The story’s cinematic iteration is not quite as bold, featuring its poster boy as the film’s de facto starring character. Wolverine is sent back into time by Kitty Pryde, who, in addition to her abilities to phase in and out of a solid state, has been blessed with the mutant ability to send someone back in time to a younger version of themself. This has to be one of the most foolishly contrived plot devices I’ve ever encountered. The creation of an ability for the sake of its carrying forward of the plot is simply too convenient. Imagine if Iron Man, in addition to all of his other abilities, had a computer program designed to carry warheads through wormholes; or if Captain America, besides his super strength, possessed the super-ability to hide from pursuers? Besides, how did Kitty discover that she had this ability? What absurd situation has ever required her to use it before?
I watched the film quite bitterly for quite a while, and my opinion changed completely when I got to the infamous “quicksilver scene”. Trapped in a plastic prison, walking into an ambush, prison guards have the X-Men dead to rights. Suddenly, time slows down.

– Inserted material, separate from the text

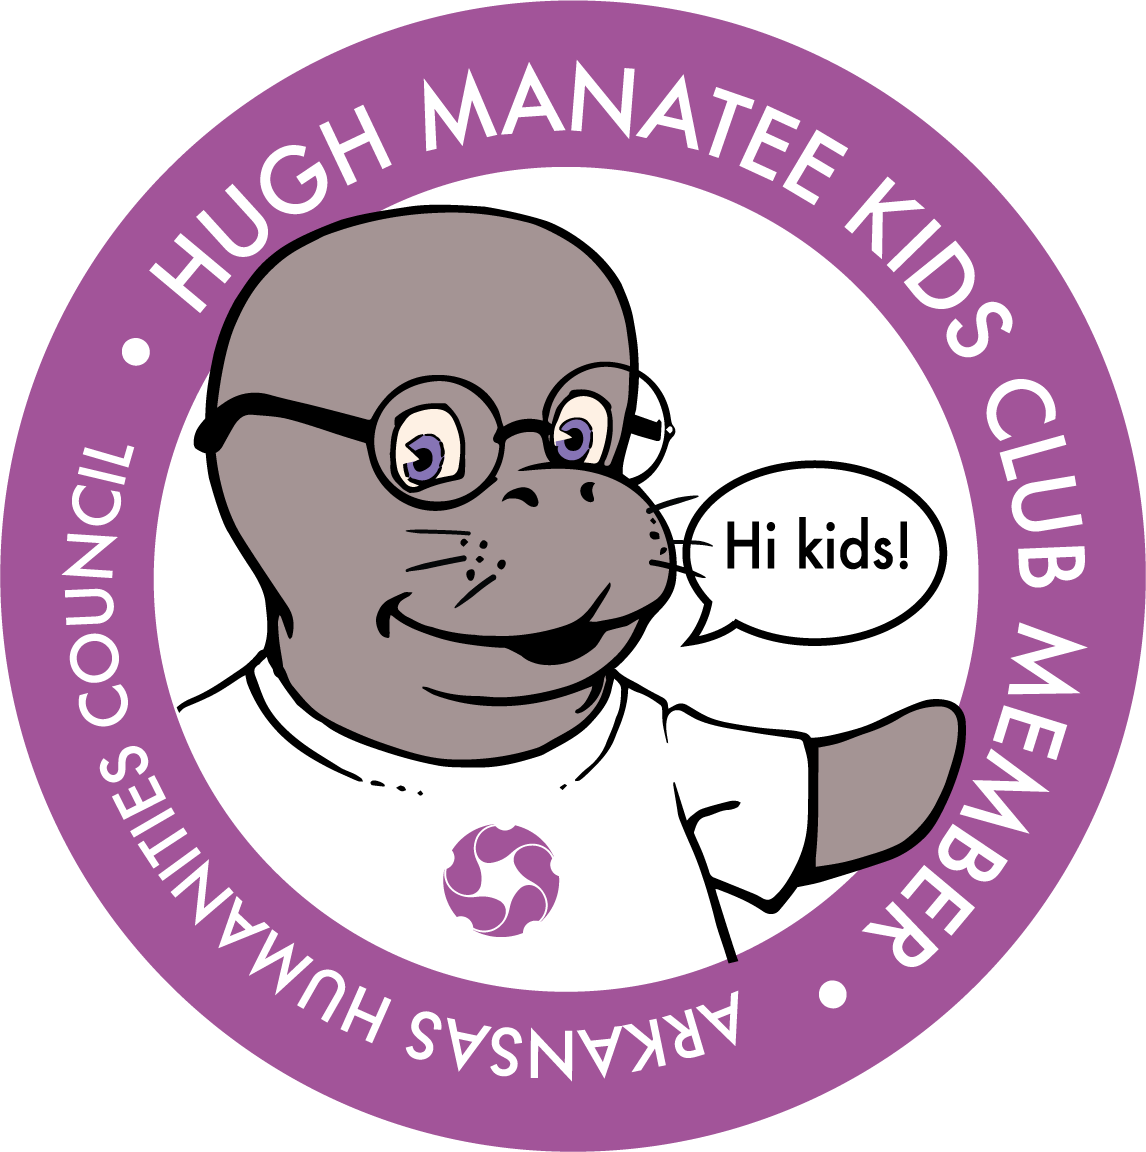 A circular sticker with a manatee wearing glasses and a t-shirt with the HumanitiesAR logo on it. Next to the manatee's mouth is a speech bubble with the text "Hi kids!" And on the edge of the circle is the text: "Hugh Manatee Kids Club member / HumanitiesAR"
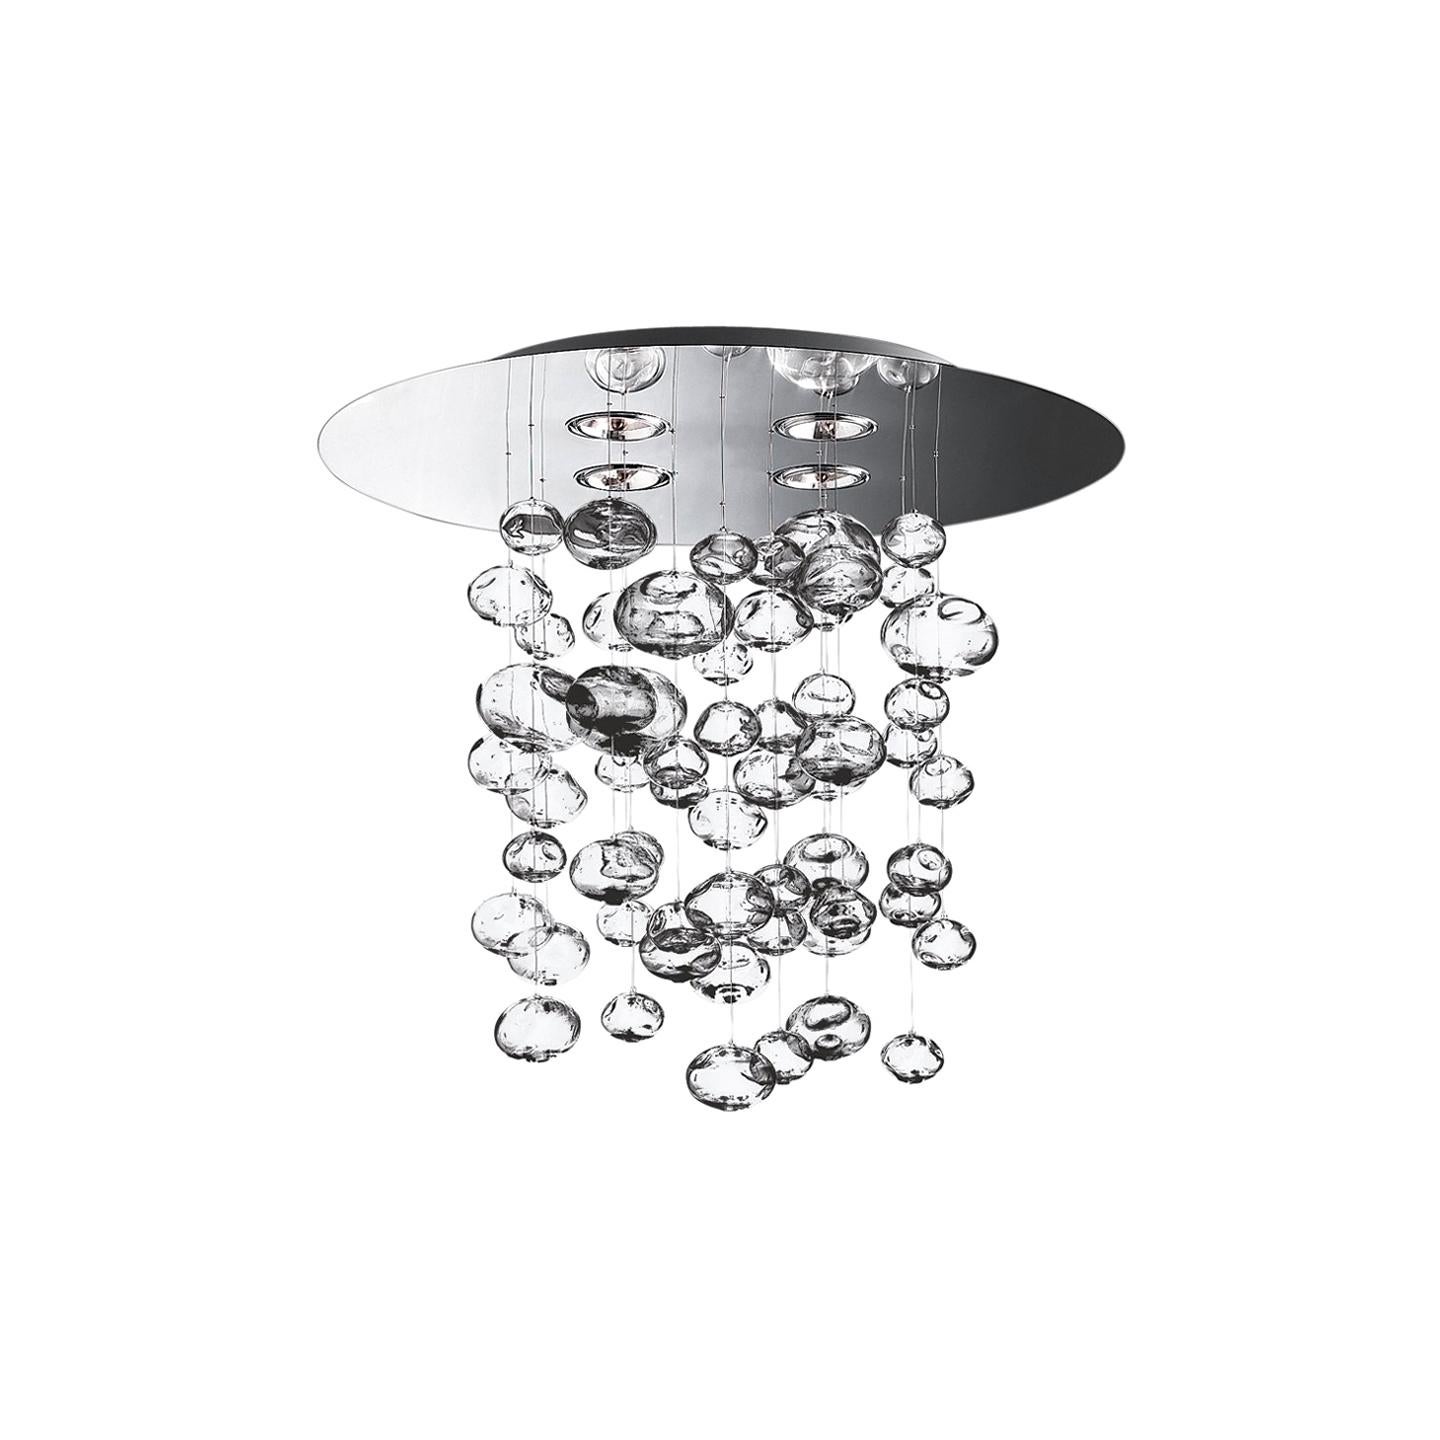 Leucos Ether S 90 Chandelier in Transparent and Polished Steel by Patrick Jouin

Jim Croce’s “Time In a Bottle” plays, and Peter (not Piotr) Maximoff begins weaving his way through the room, moving ten times faster than everything else. He moves the guards fists into a self-attacking position, and moves the bullets coming towards his friends. He even tastes some soup that happens to be flying through the air. Every threat in the room is instantly incapacitated, all in the time it takes Wolverine to push out his claws.
Naturally, each event following this one (which is actually quite insignificant in terms of the grand time travel plot at hand) pales in comparison to its spectacle, comedy, and perfect execution, but the rest of the movie is still an extremely well made political thriller/sci-fi drama. The conflict between mutants and humans fits perfectly into the activism of the 1970s, and the inclusion of President Nixon makes the struggle feel that much more believable.
In the end, the movie rights the wrongs of the franchise’s past, and cleverly connects the new generation of X-men with the old. Although the timeline that it fits into has since been brutally dissected, Days of Future Past‘s aura of excellence is diminished nonetheless.